ABOUT THIS EXERCISE:
Nothing but the text of the listing, repeated exactly, belongs in the answer; leave the images out.

DATA EXTRACT:
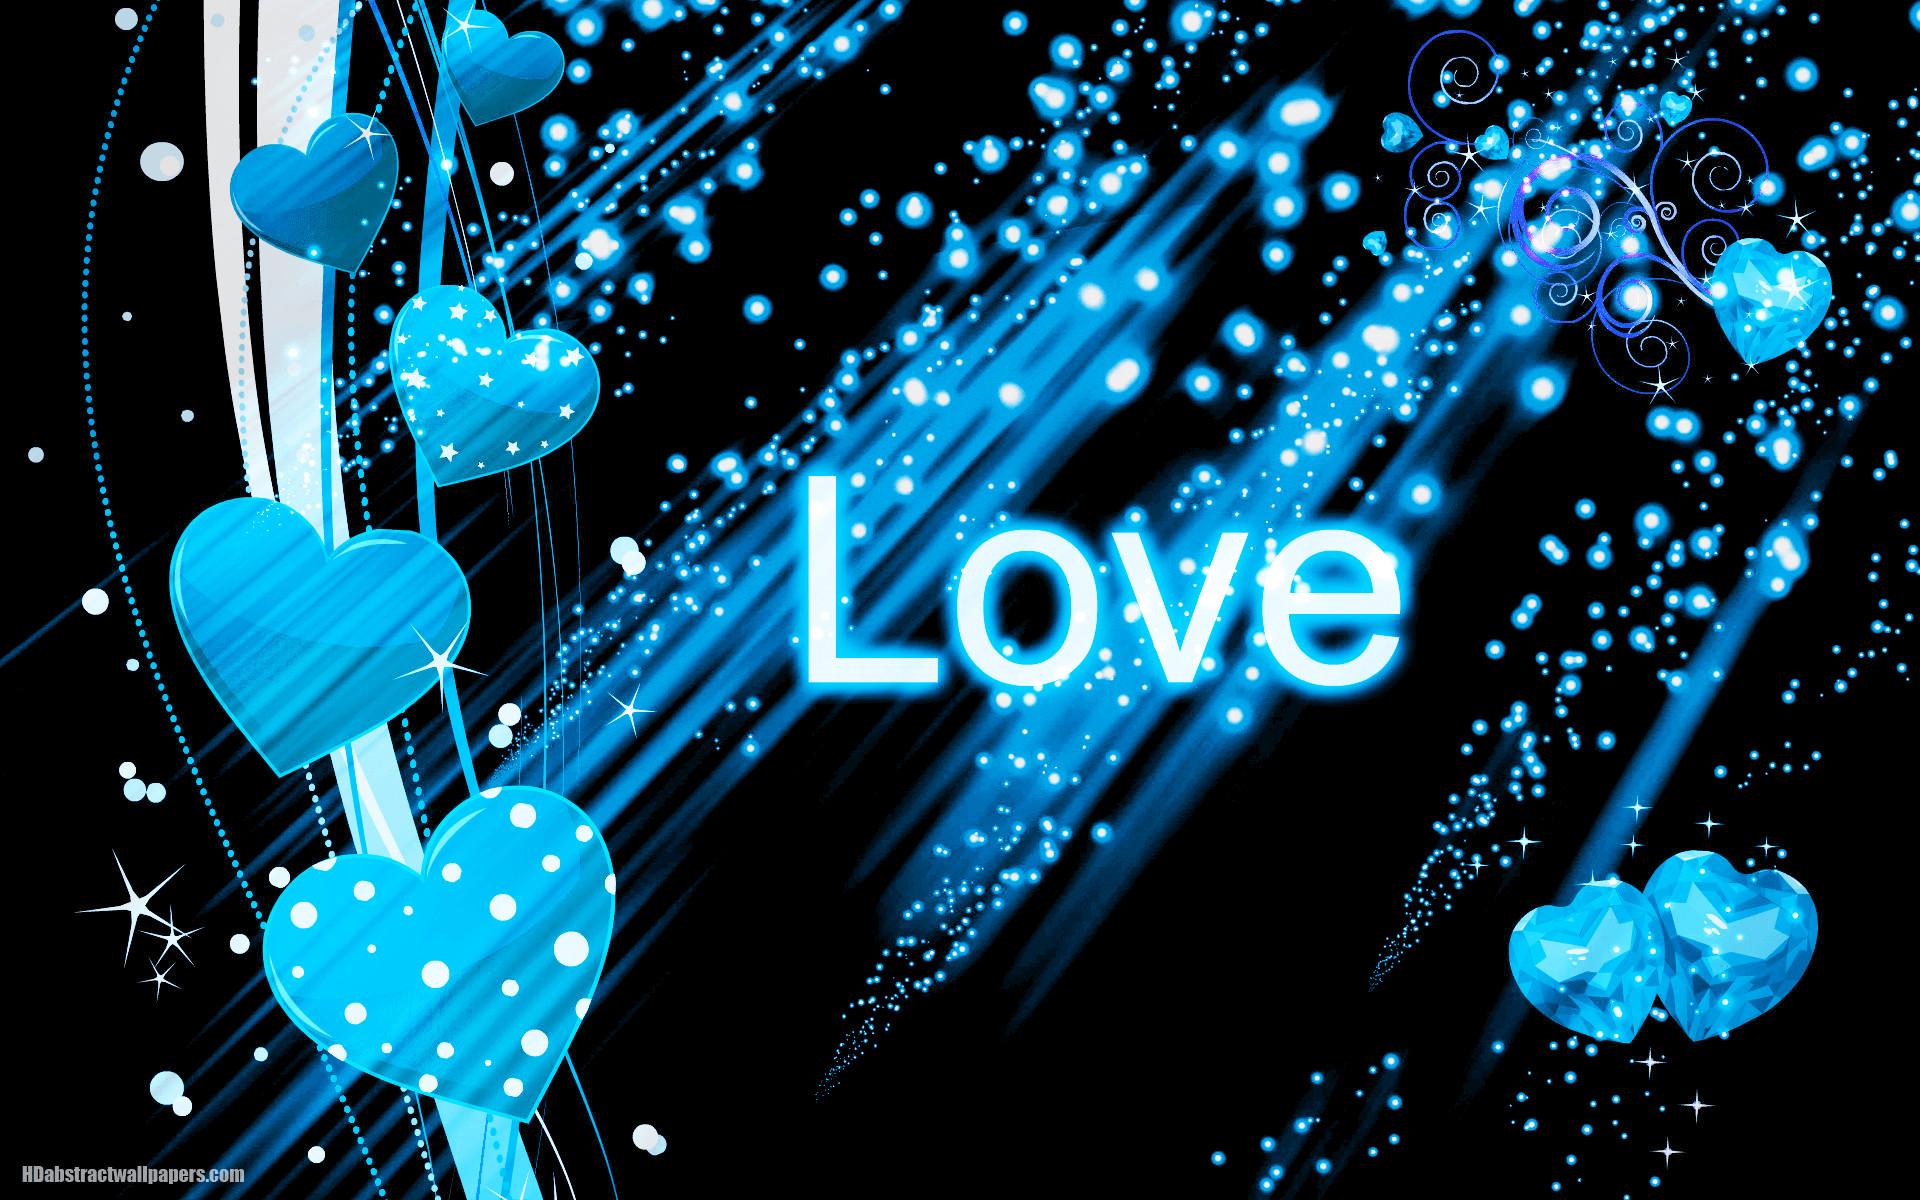 Abstract Wallpaper Black Hearts Blue 3d And Hd Wallpaper
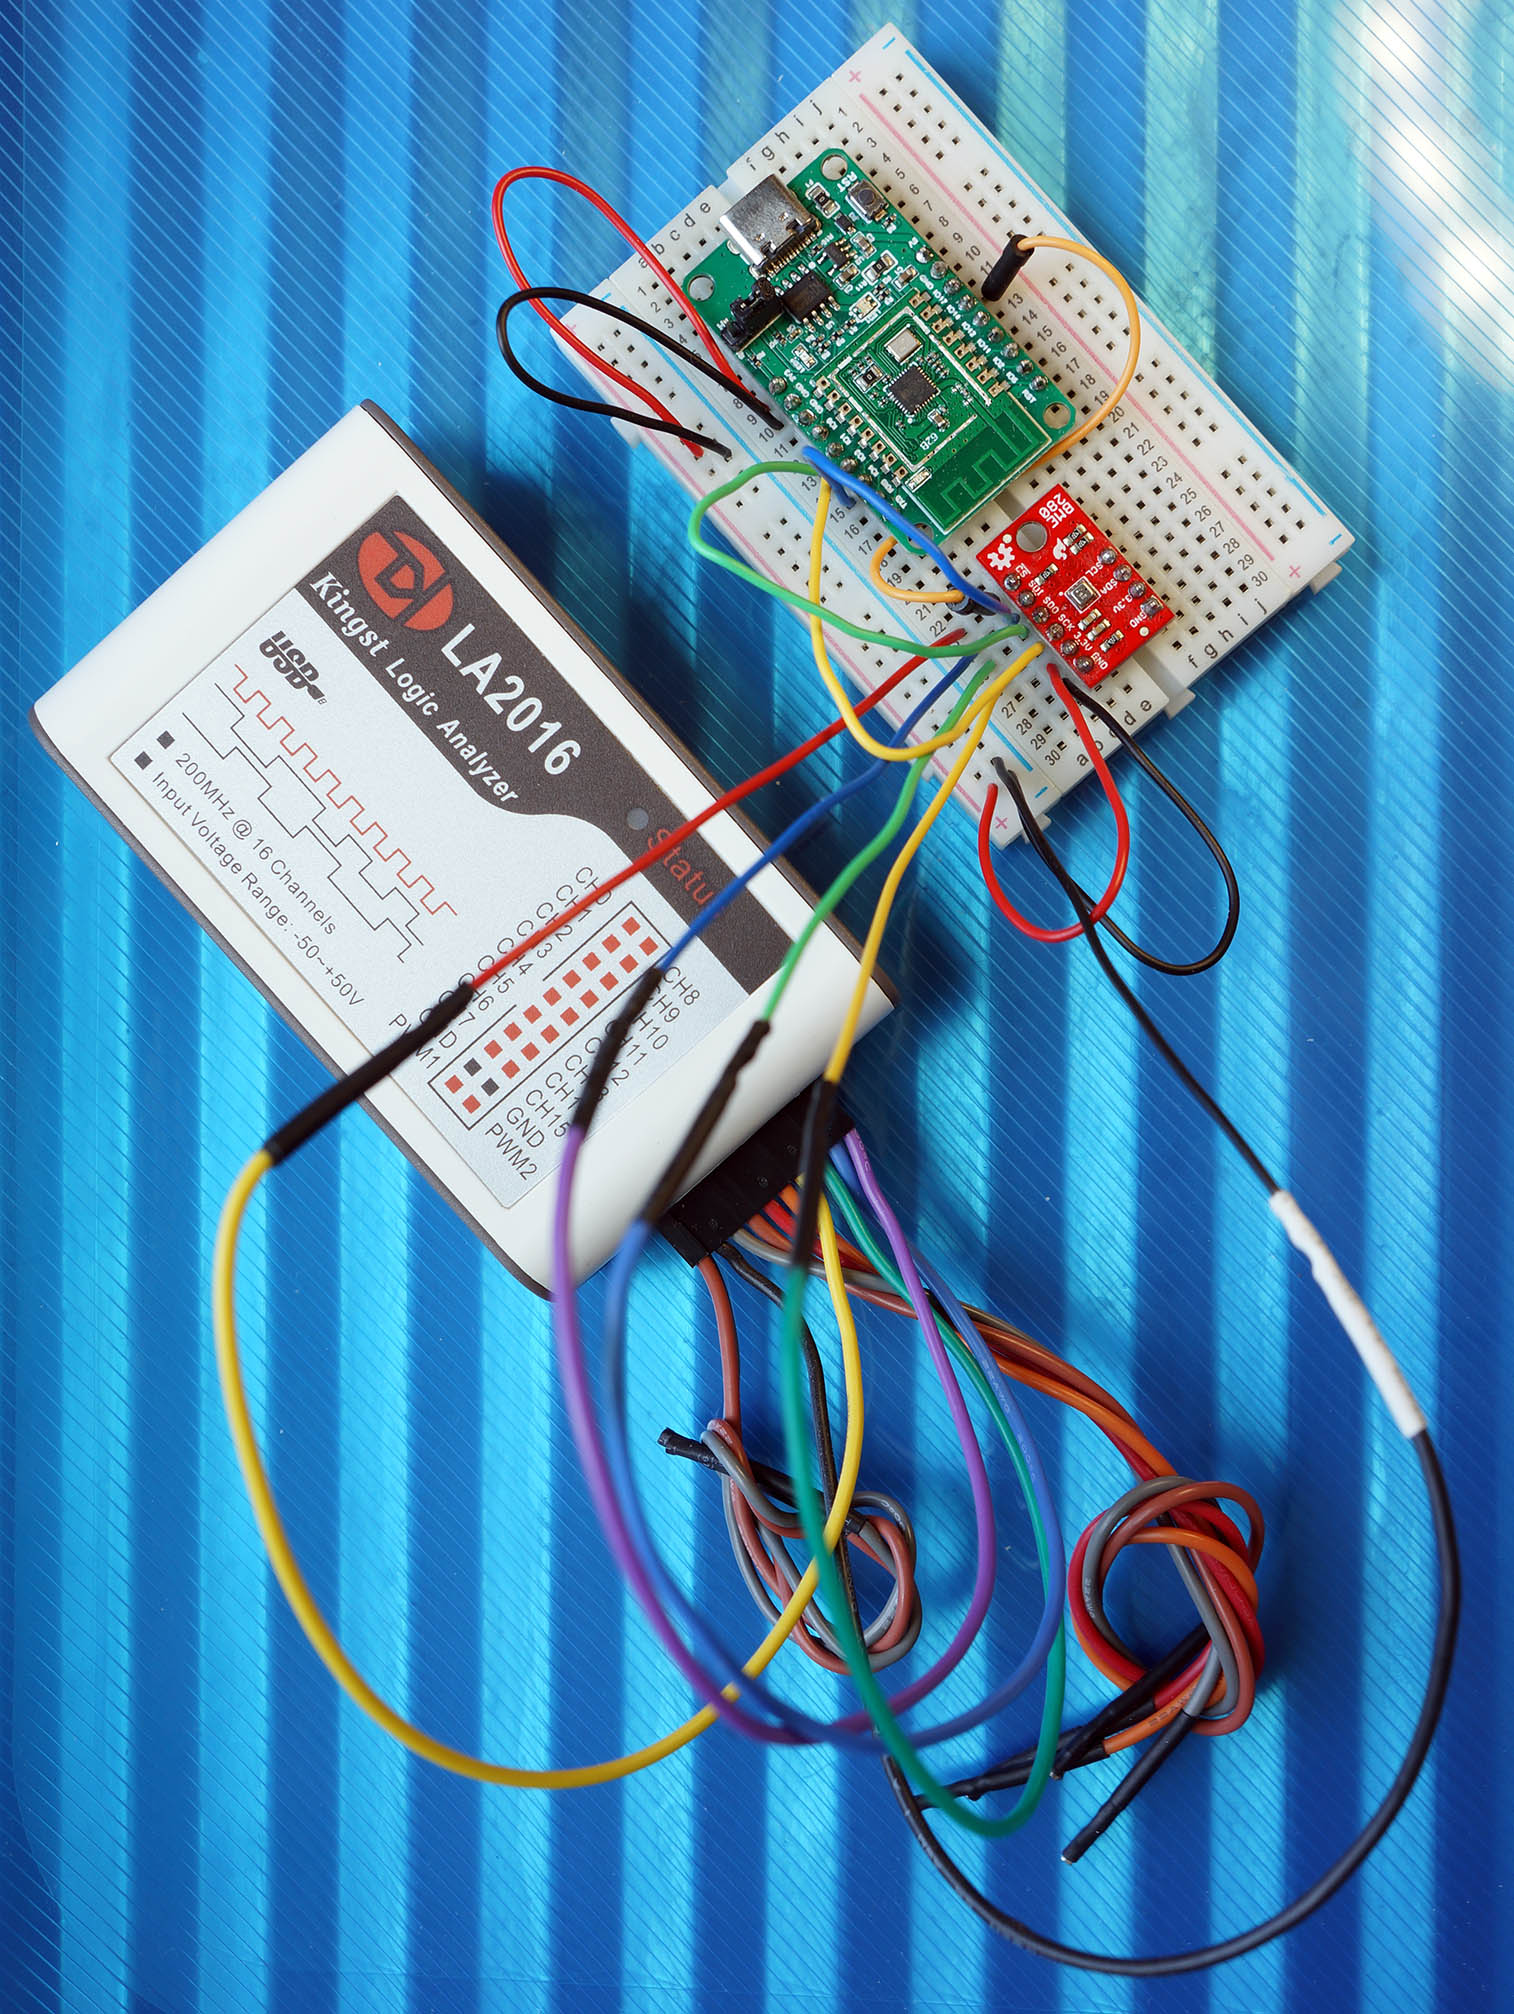 PineCone BL602 RISC-V Board connected to LA2016 Logic Analyser and BME280 SPI Sensor
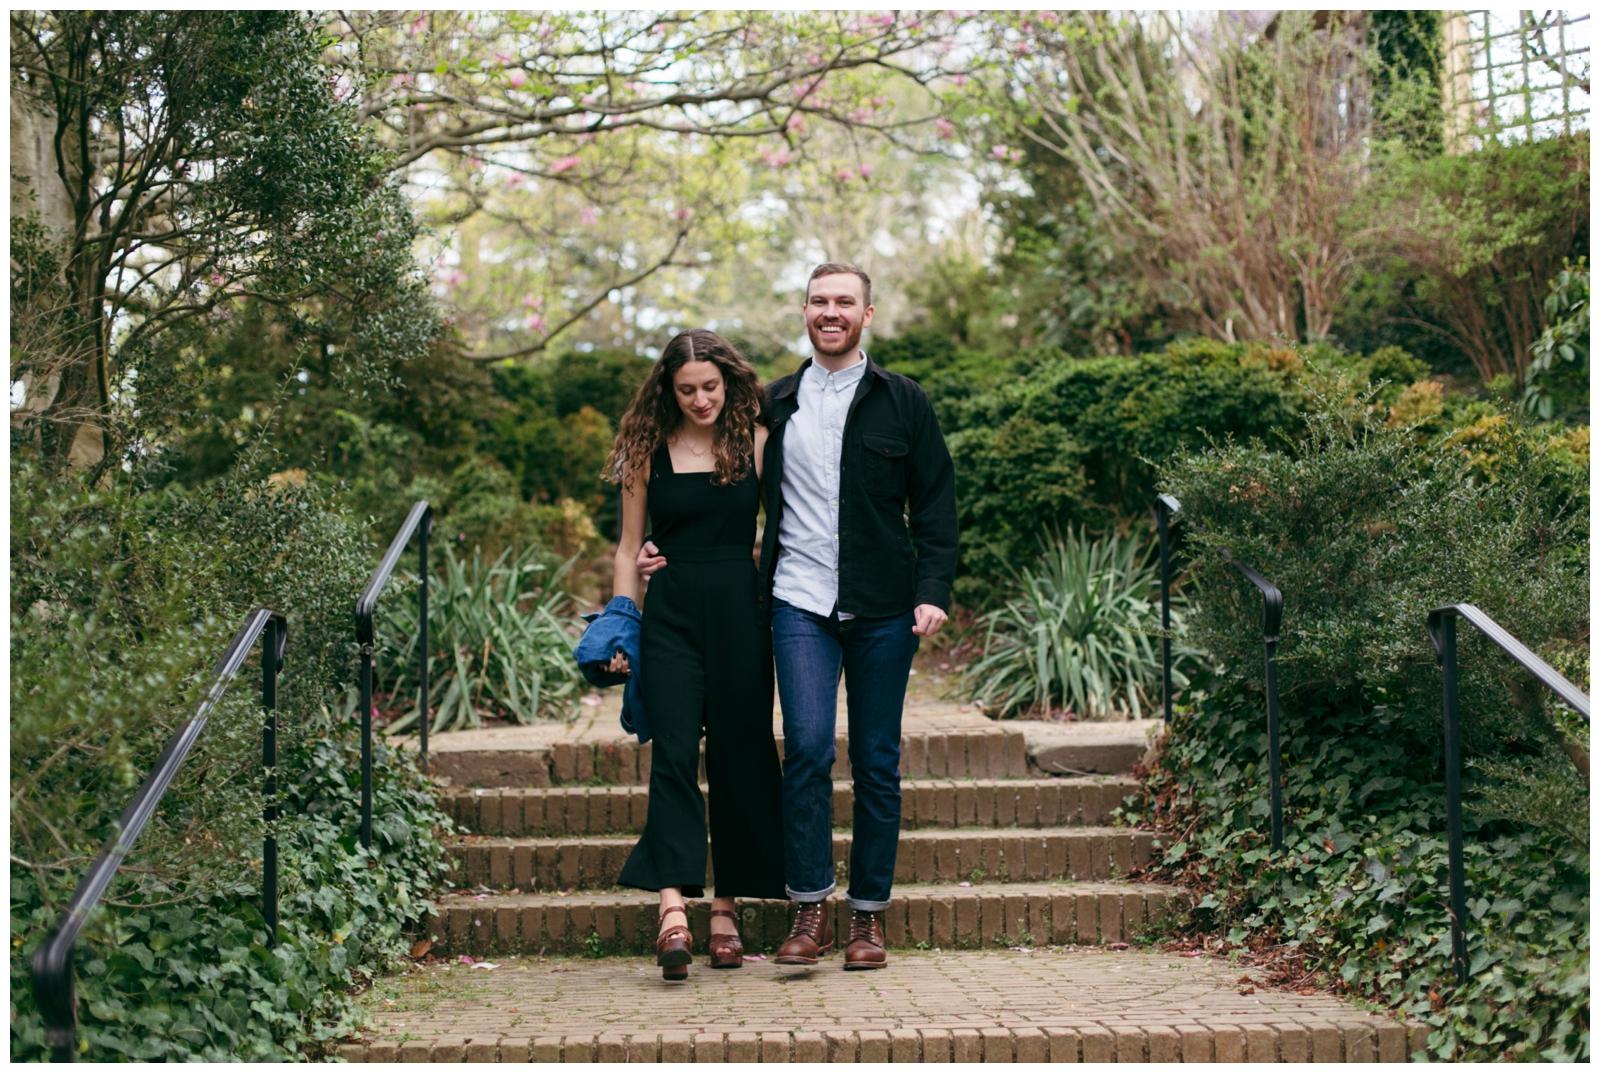 DC-Wedding-Photographer-Bailey-Q-Photo-020.jpg
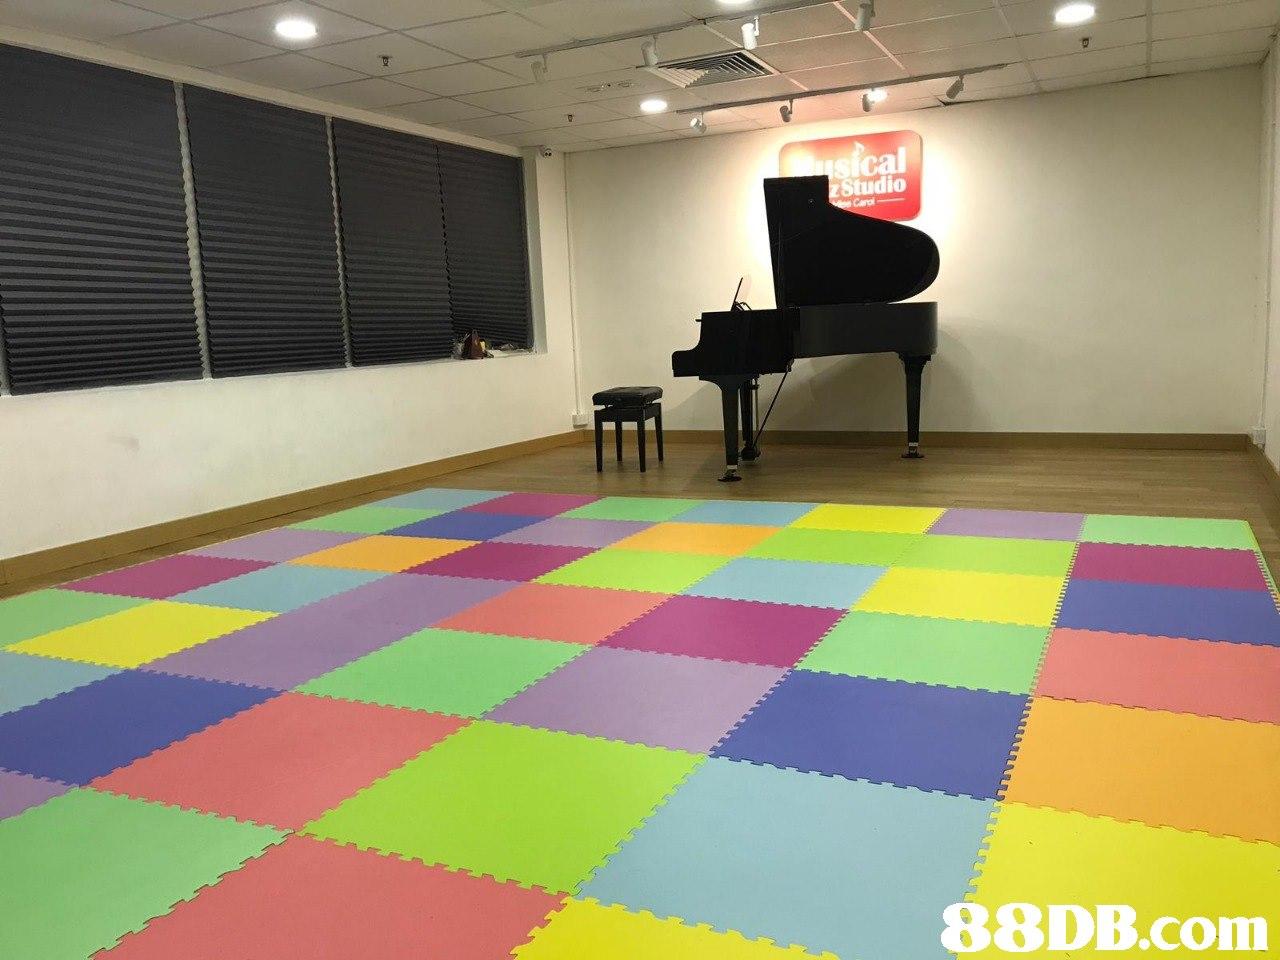 ical Studio   Floor,Flooring,Tile,Room,Interior design

ANSWER BOX:
 Abstract Wallpaper Black Hearts Blue 3d And Hd Wallpaper
 PineCone BL602 RISC-V Board connected to LA2016 Logic Analyser and BME280 SPI Sensor
 DC-Wedding-Photographer-Bailey-Q-Photo-020.jpg
 ical Studio   Floor,Flooring,Tile,Room,Interior design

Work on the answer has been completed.